Active control of free and forced vibration of rotating laminated composite cylindrical shells embedded with magnetostrictive layers based on classical shell theory

In this study, active control of free and forced vibration of rotating thin laminated composite cylindrical shells embedded with two magnetostrictive layers is investigated by means of classical shell theory. The shell is subjected to harmonic load exerted to inner surface of the shell in thickness direction. The velocity feedback control method is used in order to obtain the control law. The vibration equations of the rotating cylindrical shell are extracted by means of Hamilton principle while the effects of initial hoop tension, centrifugal and Coriolis accelerations are considered. The partial differential equations of the rotating cylindrical shell are converted to ordinary differential equations by means of modified Galerkin method.

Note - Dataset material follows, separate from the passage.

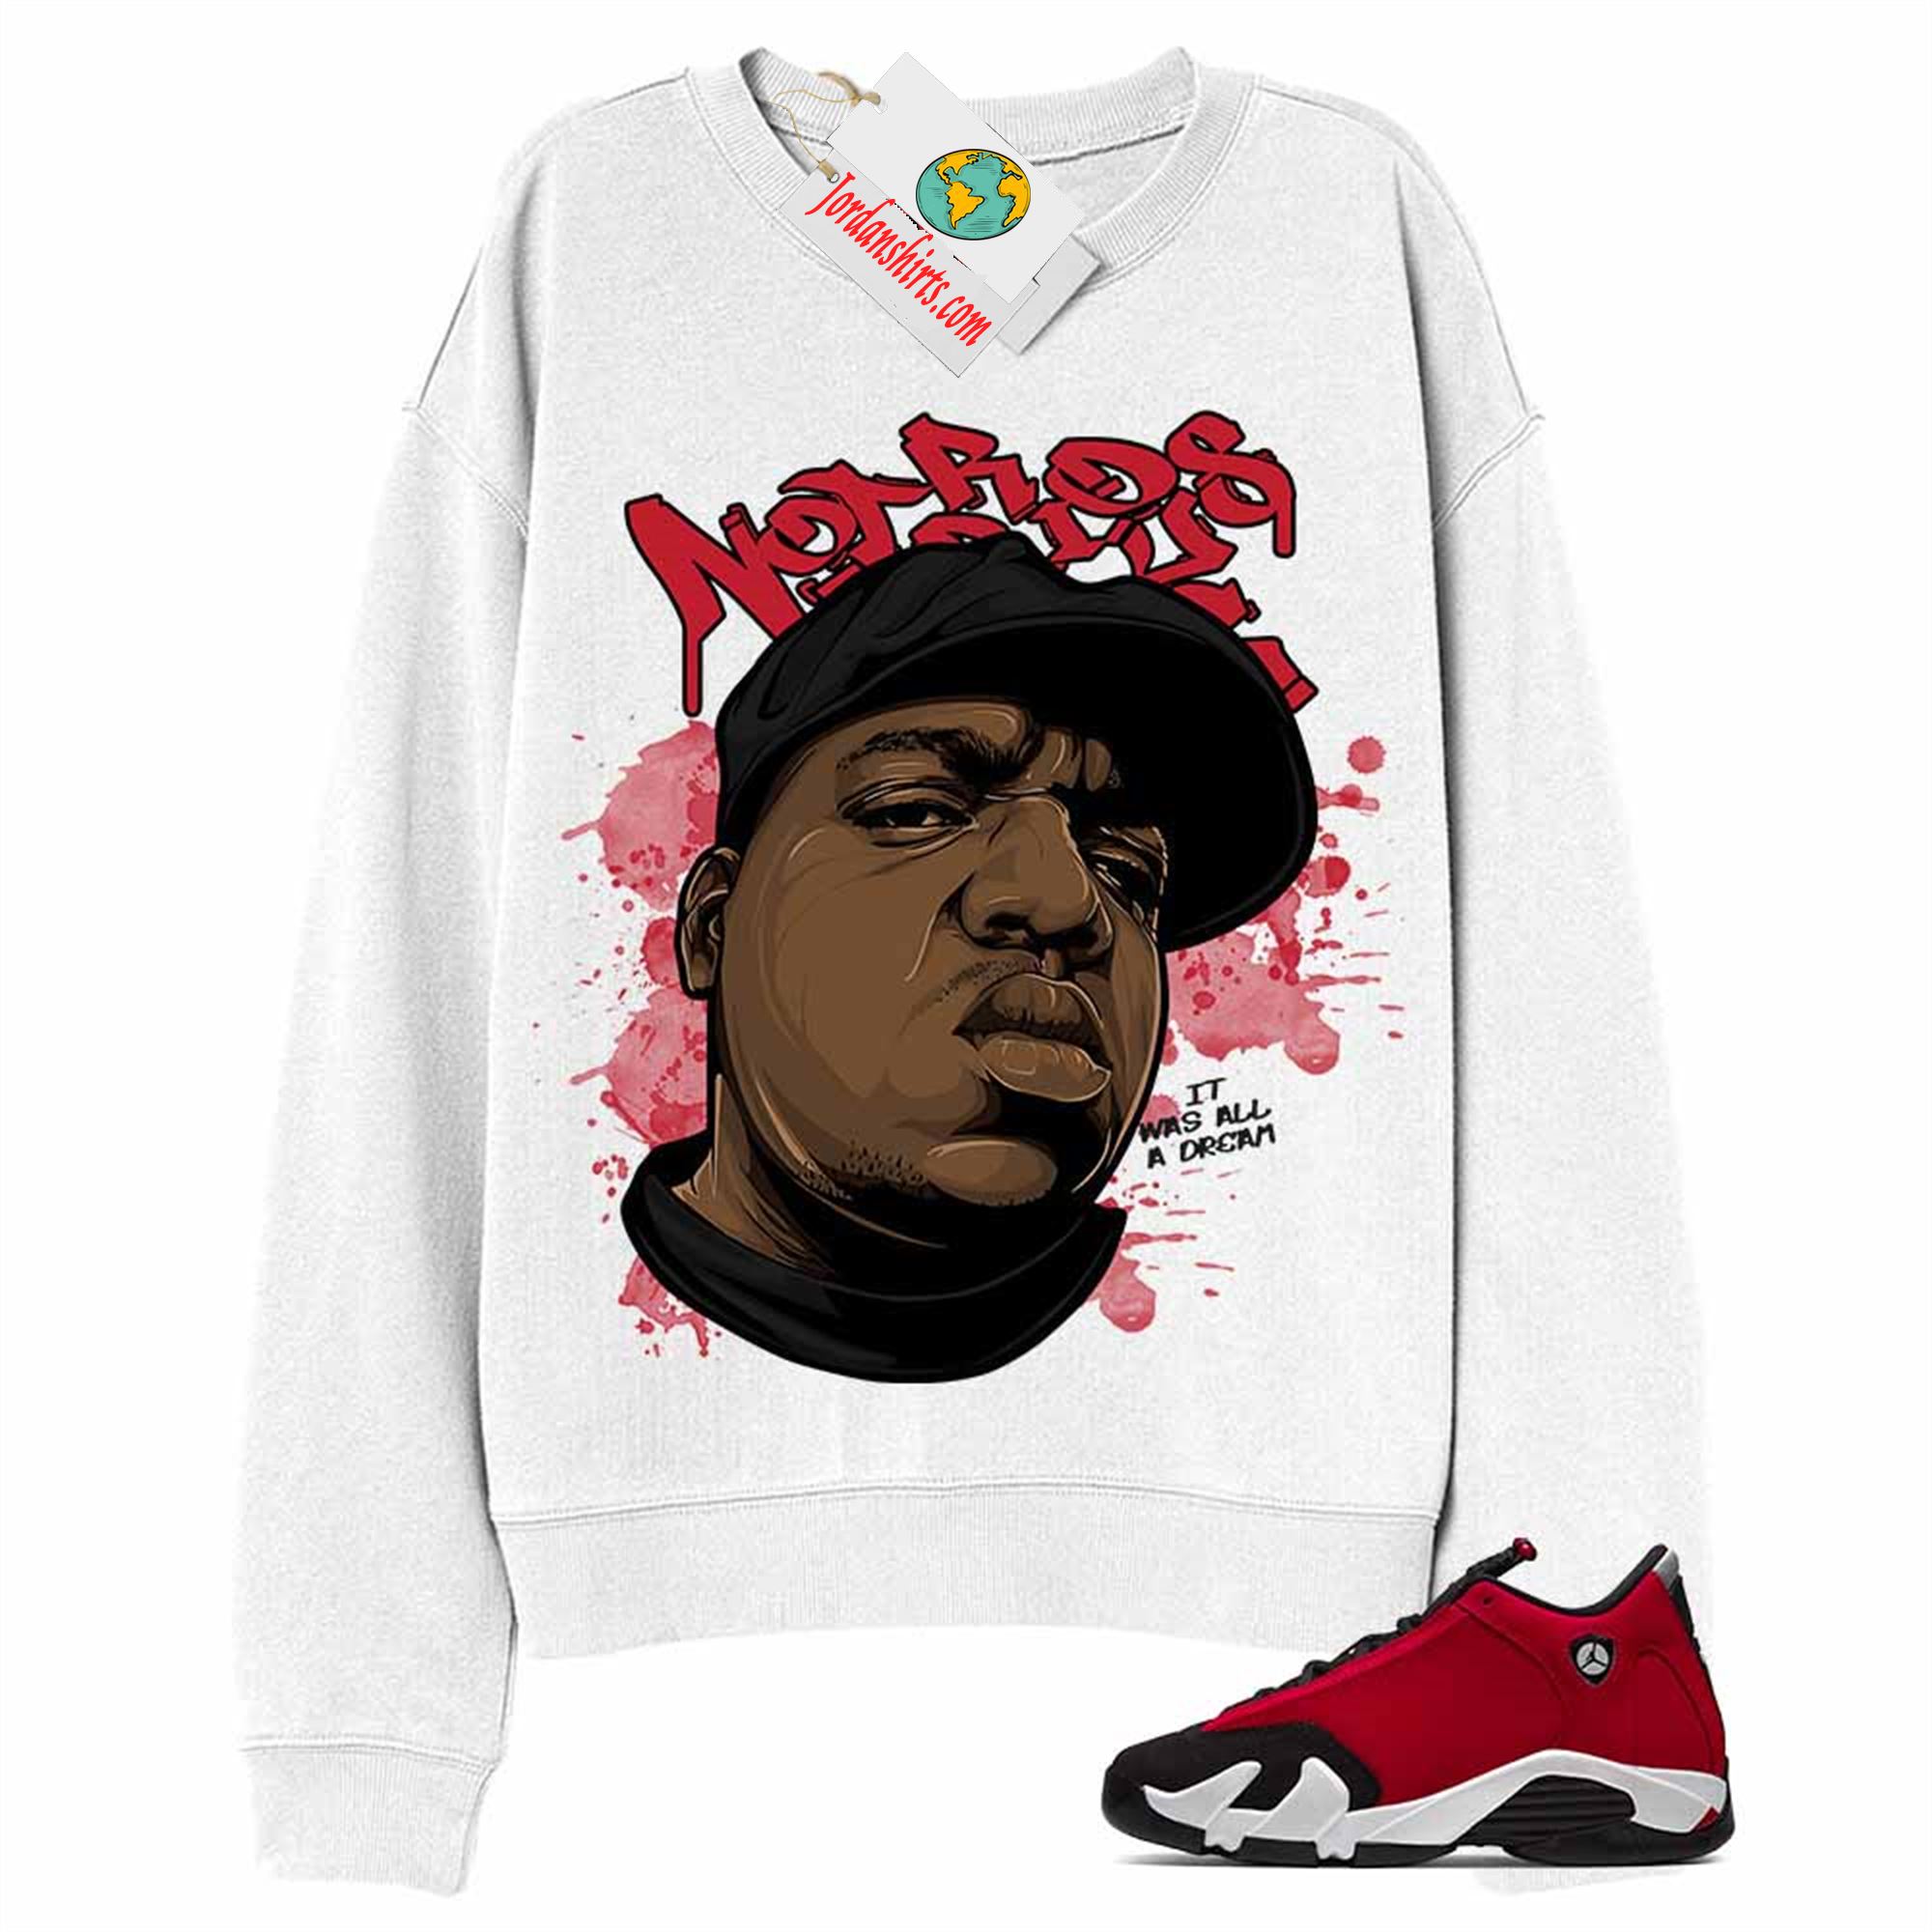 Jordan 14 Sweatshirt, Notorious Big White Sweatshirt Air Jordan 14 Gym Red 14s Plus Size Up To 5xl
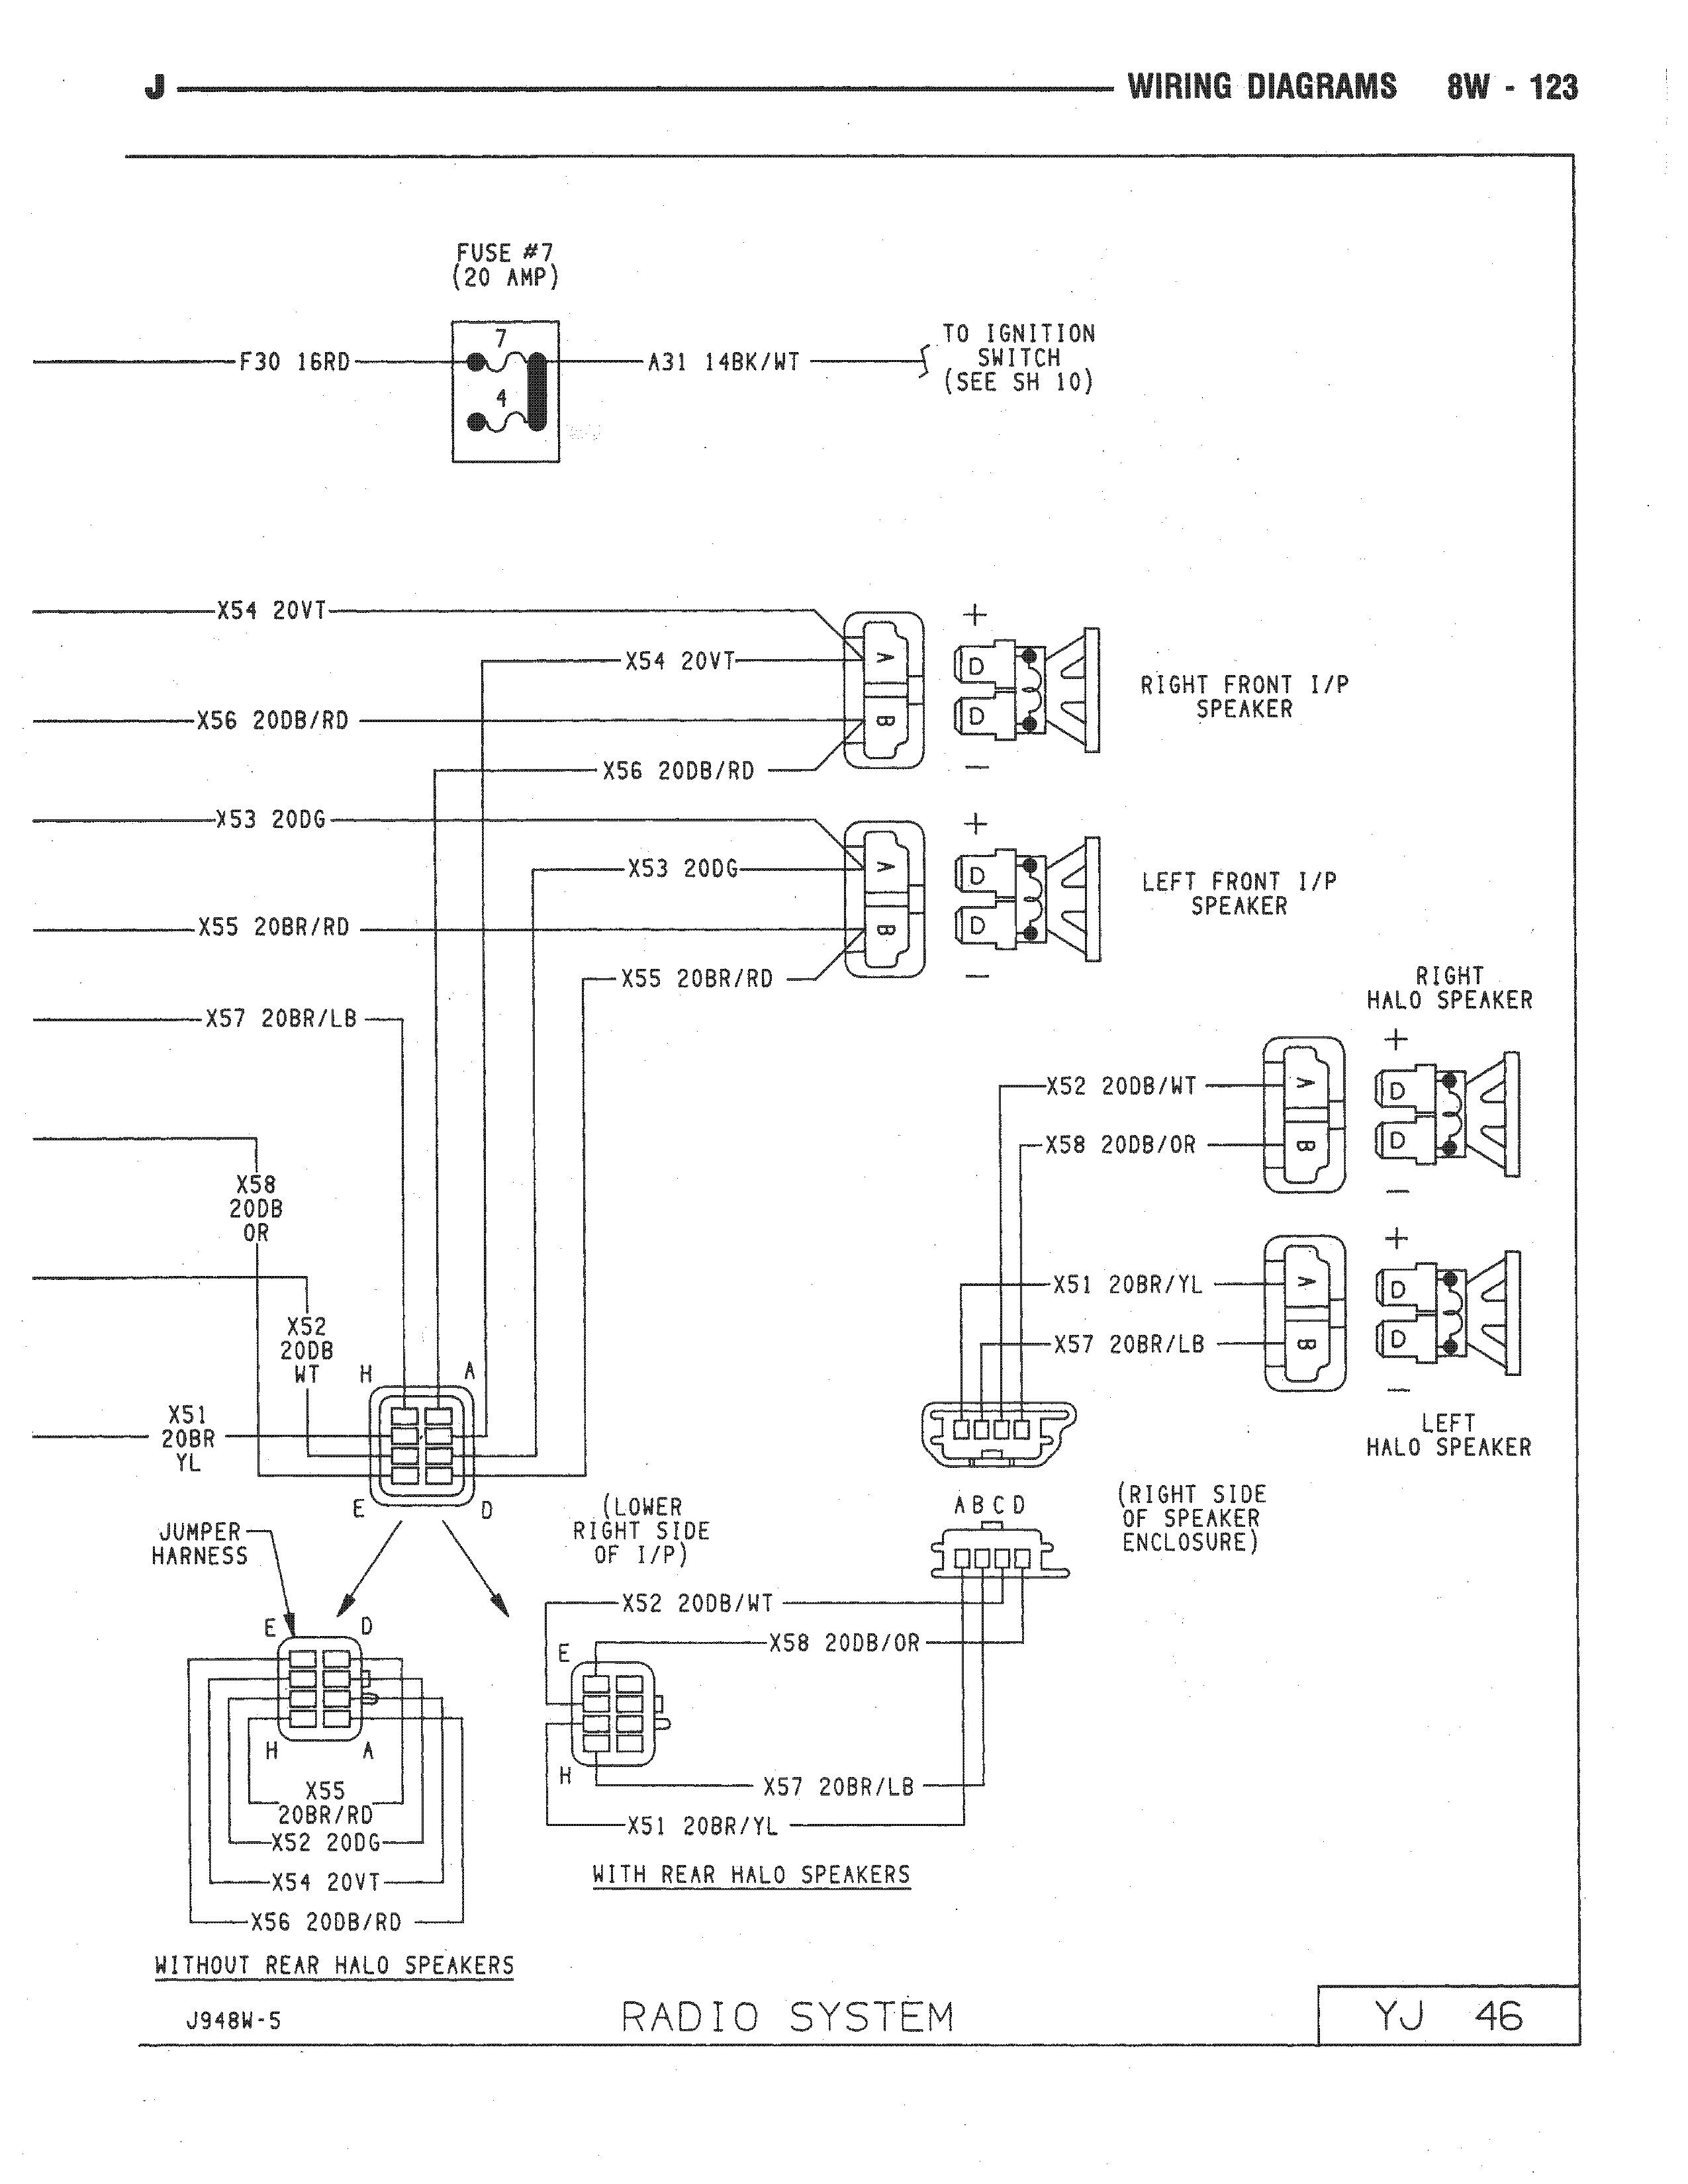 2001 Jeep Wrangler Wiring Diagram from detoxicrecenze.com

The displacement of the shell is obtained using modal analysis. The free vibration results of this study are validated by comparison with the results of published literature. Also, the forced vibration result is compared with the result of fourth order Runge-Kutta method to prove its correctness. Finally, the effects of several parameters including circumferential wave number, rotational velocity, the whole thickness of orthotropic layers, the whole thickness of orthotropic layers, length, the amplitude and exciting frequency of the load on the vibration characteristics of the rotating cylindrical shell are investigated.